Изменить стиль страницы

Капля попала на руку Ксении. Она содрогнулась от омерзения и немедленно стала протирать ладонь своим надушенным платком: «Не хватало еще и мне заразиться какой-нибудь гадостью… Выходит, он в самом деле рисовал одного и того же человека, того «гостя» в блестящих сапогах! И зачем понадобилось так подробно зарисовывать его состояния?» Балерина подумала, что если и дальше будет пытаться вникнуть в происходящее, то еще. чего доброго, сама повредится в рассудке, к тому же она вдруг заметила Сержика, который чем-то увлекся в дальнем конце залы. Наглого юнца она терпеть не могла, и ей совсем не хотелось быть узнанной в этом обществе, а Сержик был здесь единственный, кто мог ее узнать. «Да, видно, здесь князя мне сегодня уже не дождаться: лучше уйти, пока не поздно. С Божьей помощью навещу его завтра же — пускай он сам мне все объяснит», — решила Ксения. Ей удалось незаметно выскользнуть из безобразной комнаты. Она опять попала в темный коридор и стала плутать по нему, теперь уже с одним желанием поскорее вырваться на улицу.

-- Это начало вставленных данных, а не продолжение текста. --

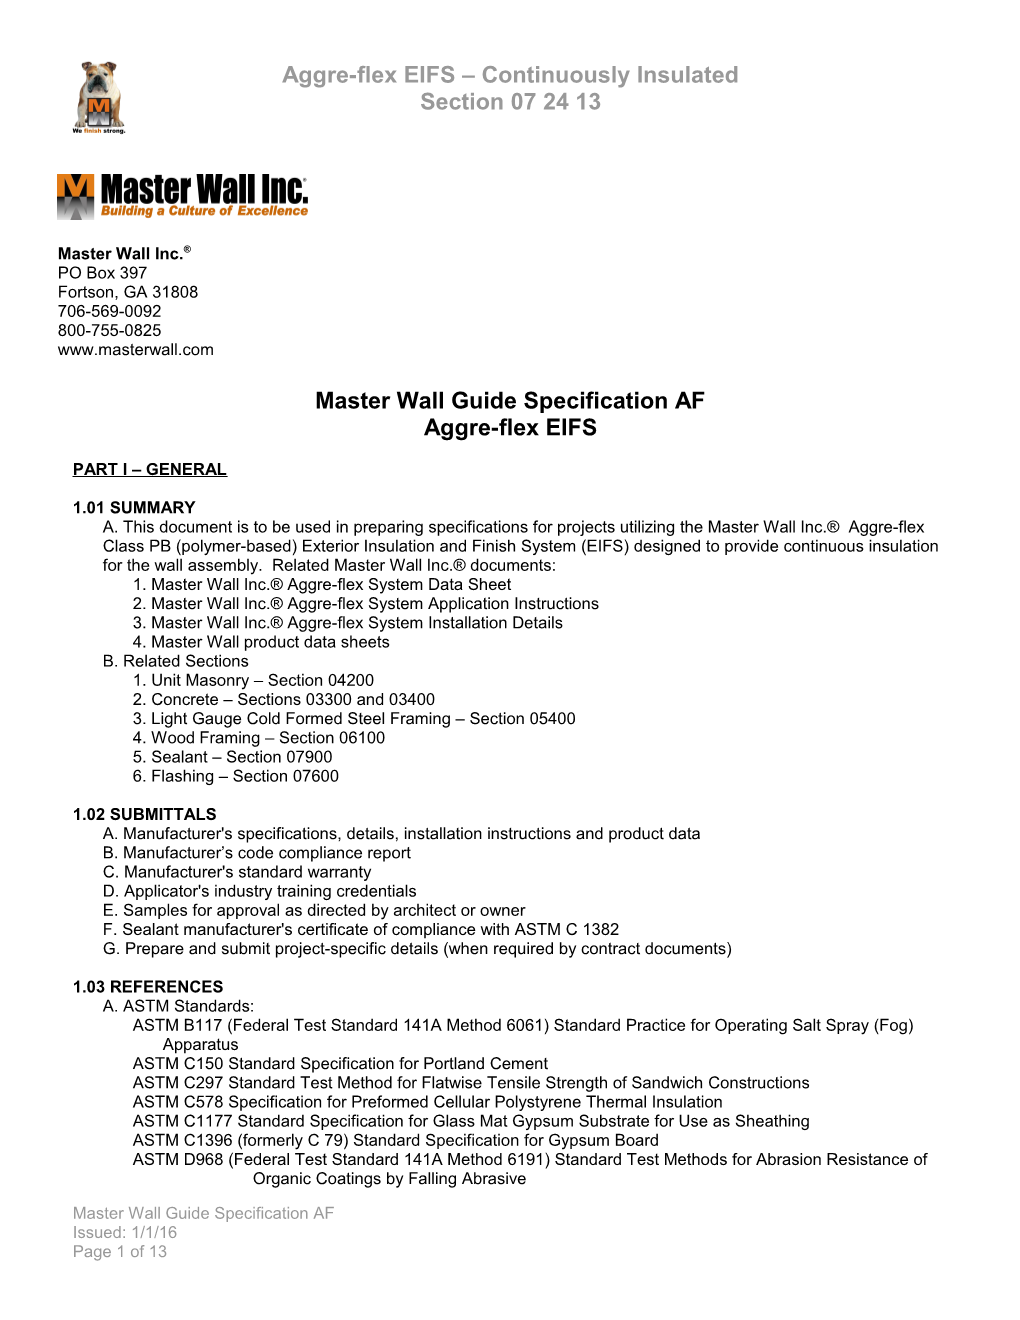 Master Wall Guide Specification AF
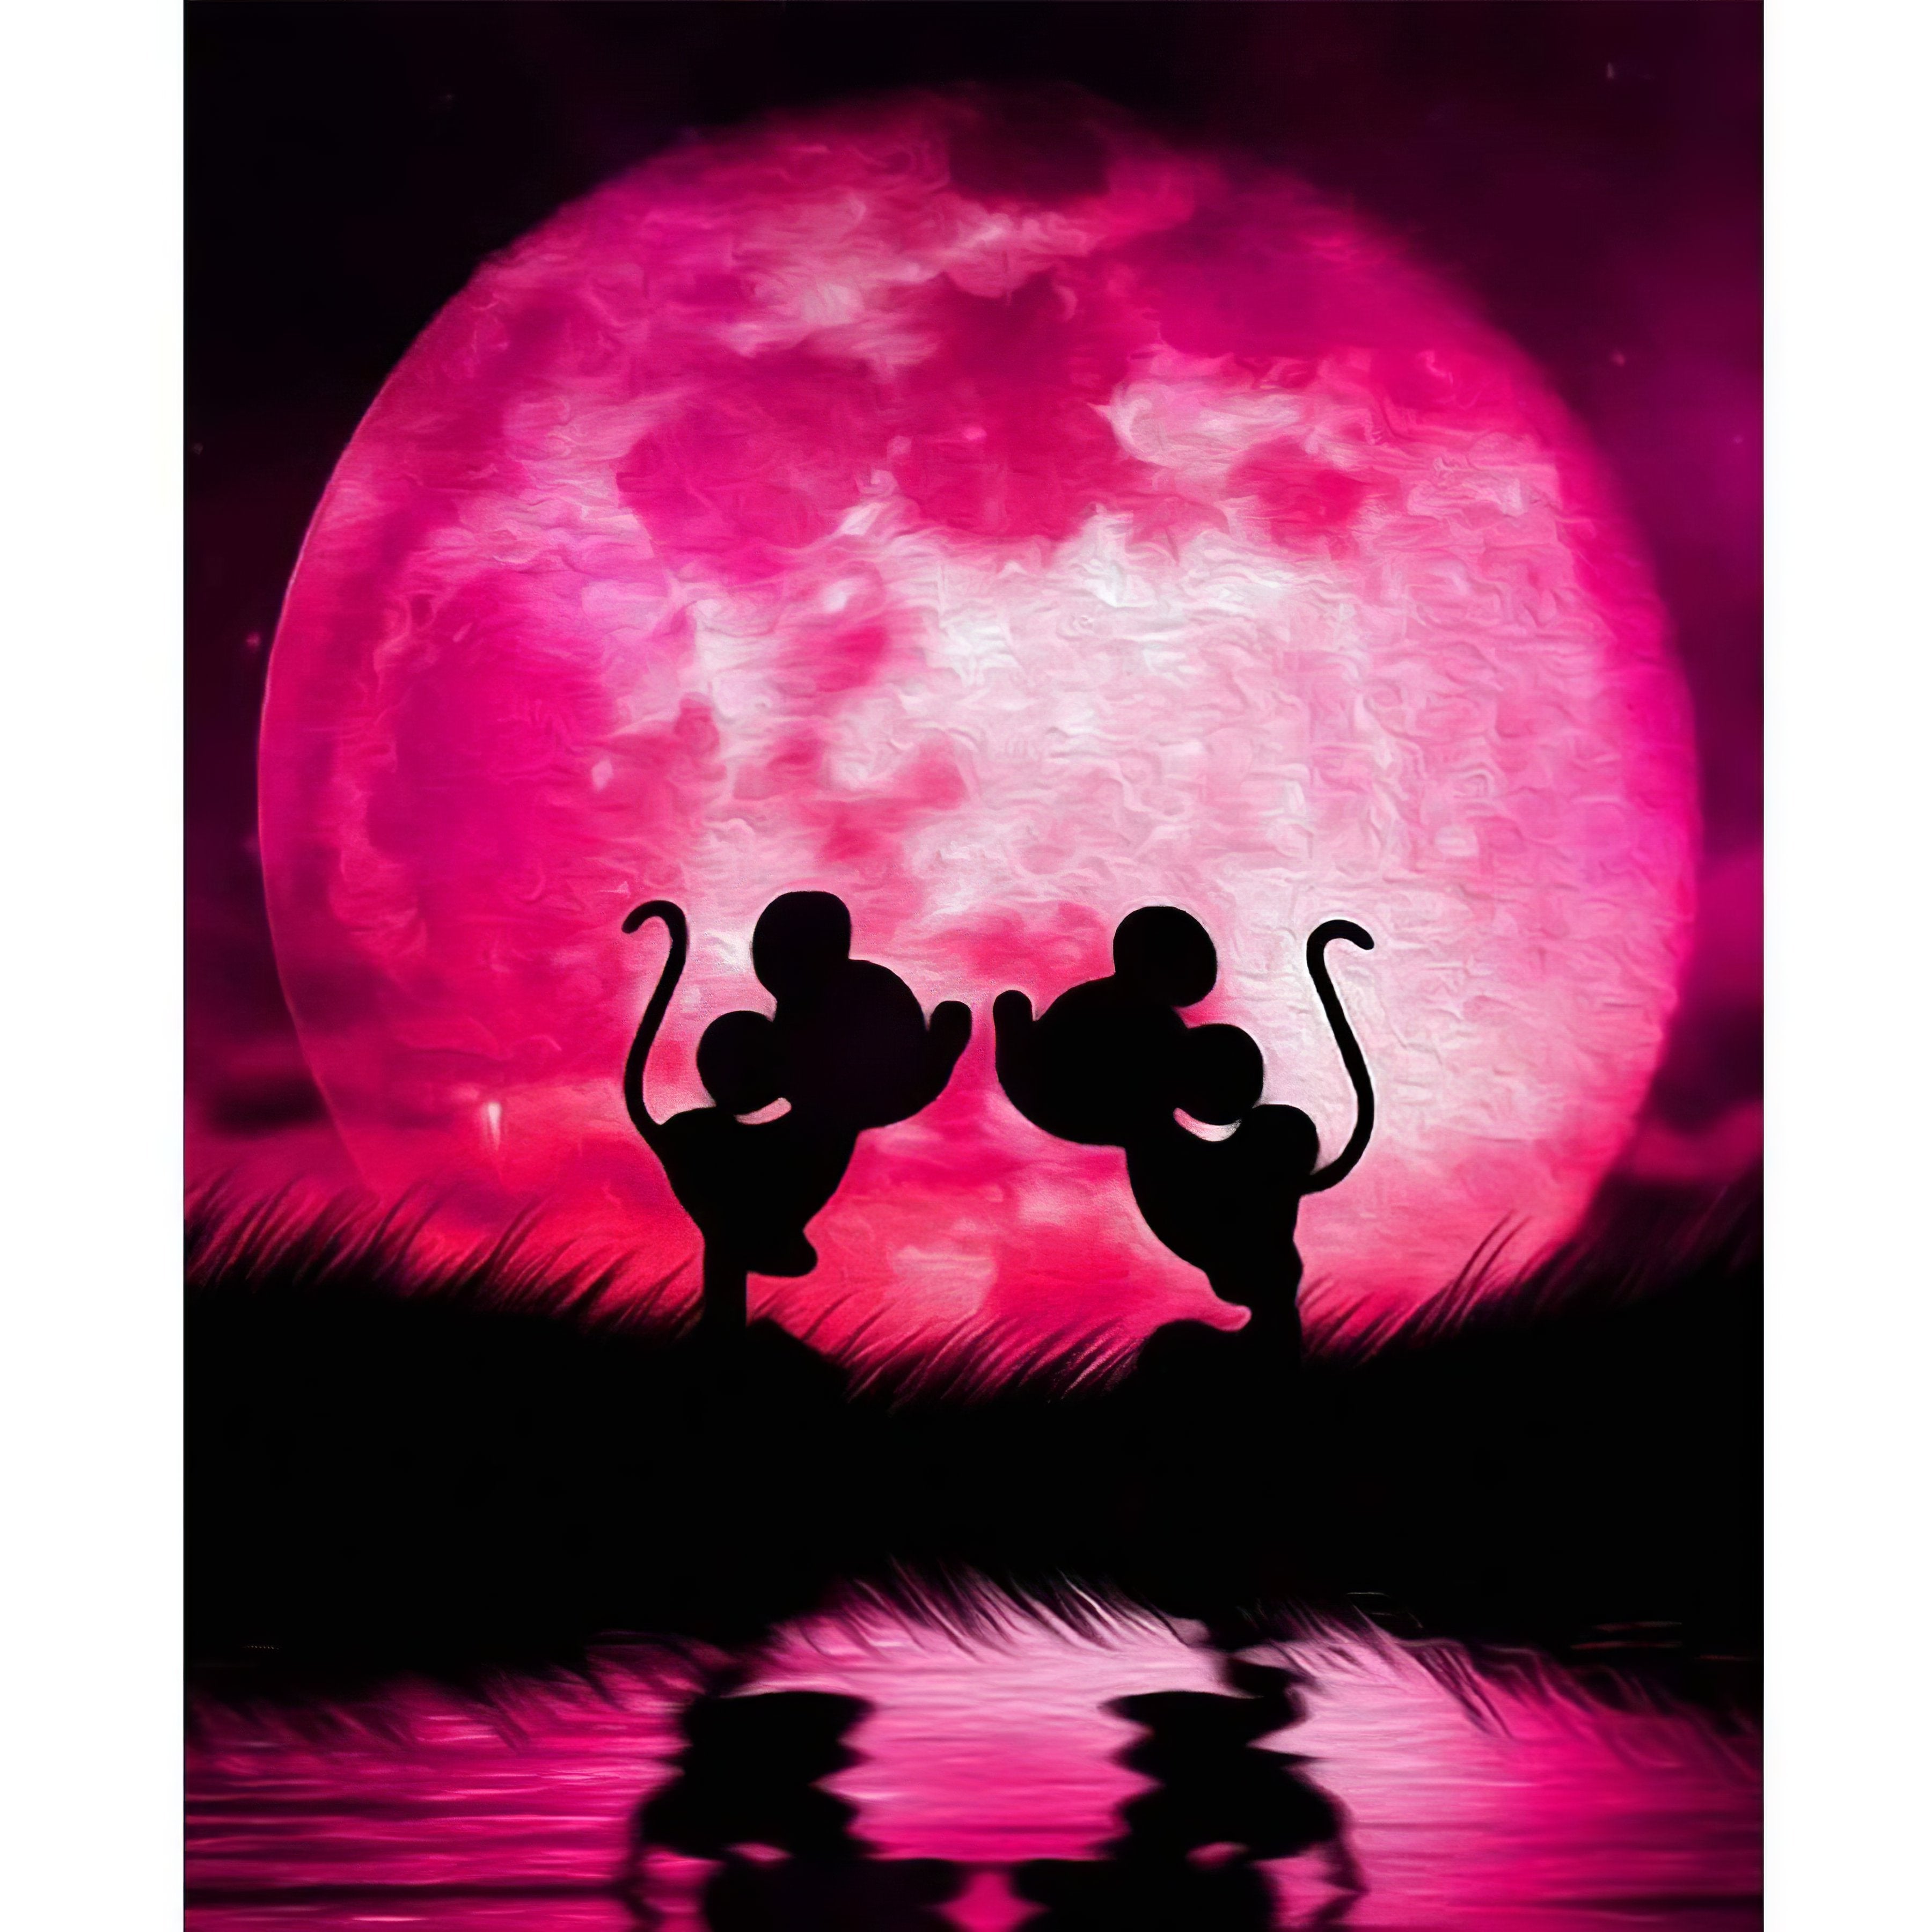 Cherish a magical moment with Mickey under a rose-lit moon.Mickey Mouse And Rose Moon - Diamondartlove

Когда Ксения, как ей показалось, нашла обратный путь, неожиданно приоткрылась одна из массивных дубовых дверей. Полоска света упала на пол, в полумраке балерина узнала знакомую ручку в виде ящерицы. Без сомнения это был вход в мастерскую, и тут женское любопытство победило страх. Ксения распахнула двери и застыла как вкопанная: из темной мастерской на нее смотрел сам Евгений Петрович, но в глазах его была не радость, а наоборот — злобное раздражение.

— Вот так явление… Мокрица безобразная! Что вы забыли на моей территории? Это моя территория, слышите, что я говорю?! Я мужчина, вы женщина, а посему вон отсюда. Я же сказал, убирайтесь!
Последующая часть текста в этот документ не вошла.